TimeCreated            Id LevelDisplayName Message
-----------            -- ---------------- -------
5/4/2022 8:40:24 AM  8007 Information      Completed periodic policy processing for user User1 in 300 seconds

If the values in the payload do not match the types in the template, the event is logged but the payload contains an error.

Parameters

-Id

Specifies an event Id that is registered in the event provider.

Type:Int32
Position:1
Default value:None
Required:True
Accept pipeline input:False
Accept wildcard characters:False

-Payload

The payload is an array of values passed as positional arguments to the event template. The values are inserted into the template to construct the message for the event. Events can have multiple template versions that use different formats.

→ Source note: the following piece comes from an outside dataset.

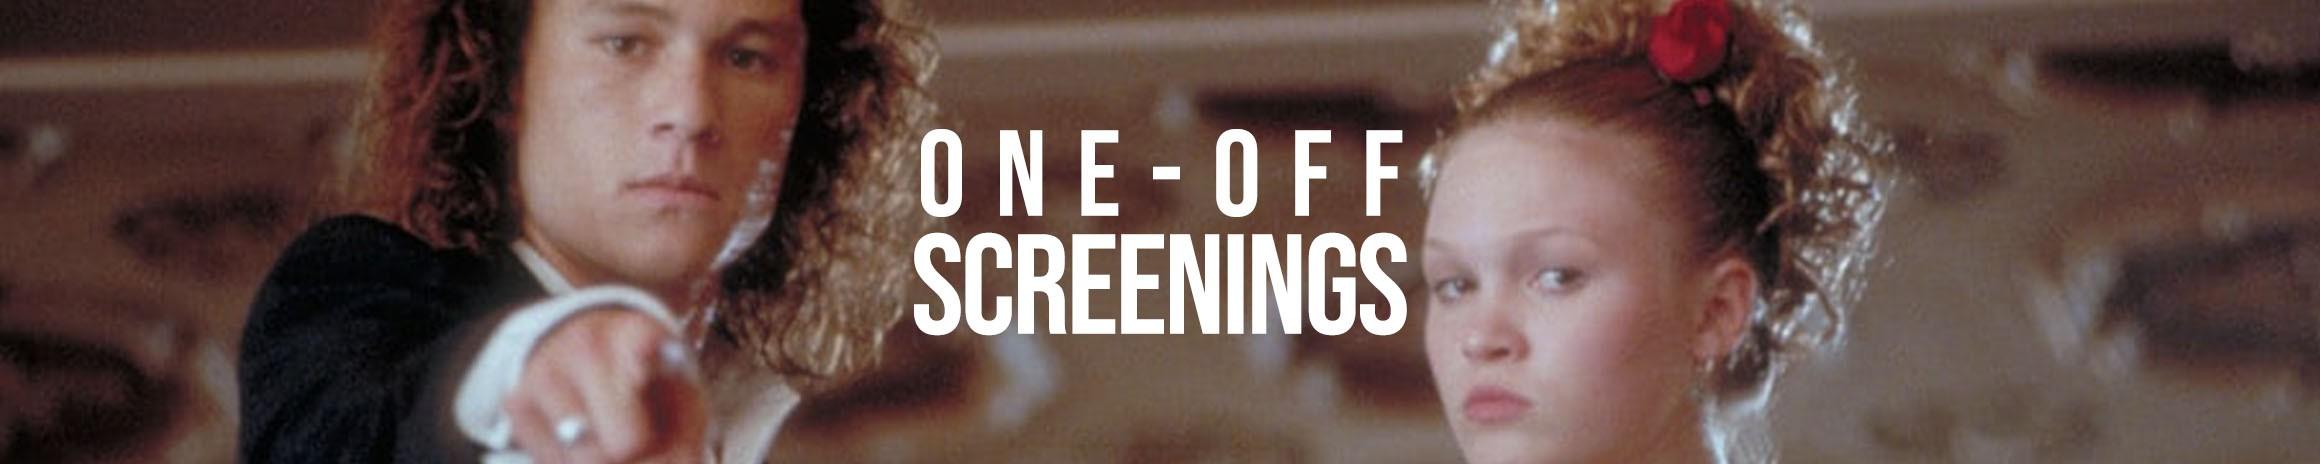 One-Off Screenings

If the values in the payload do not match the types in the template, the event is logged but the payload contains an error.

Type:Object[]
Position:2
Default value:None
Required:False
Accept pipeline input:False
Accept wildcard characters:False

-ProviderName

Specifies the event provider that writes the event to an event log, such as "Microsoft-Windows-PowerShell". An ETW event provider is a logical entity that writes events to ETW sessions.

Type:String
Position:0
Default value:None
Required:True
Accept pipeline input:False
Accept wildcard characters:False

-Version

Specifies the version number of the event. PowerShell converts the number to the required Byte type. The value specifies the version of the event when different versions of the same event are defined.

Type:Byte
Position:Named
Default value:None
Required:False
Accept pipeline input:False
Accept wildcard characters:False

Inputs

None

You can't pipe objects to this cmdlet.

Outputs

None

This cmdlet returns no output.

Notes

After the provider writes the event to an eventlog, you can use the Get-WinEvent cmdlet to get the event from the event log.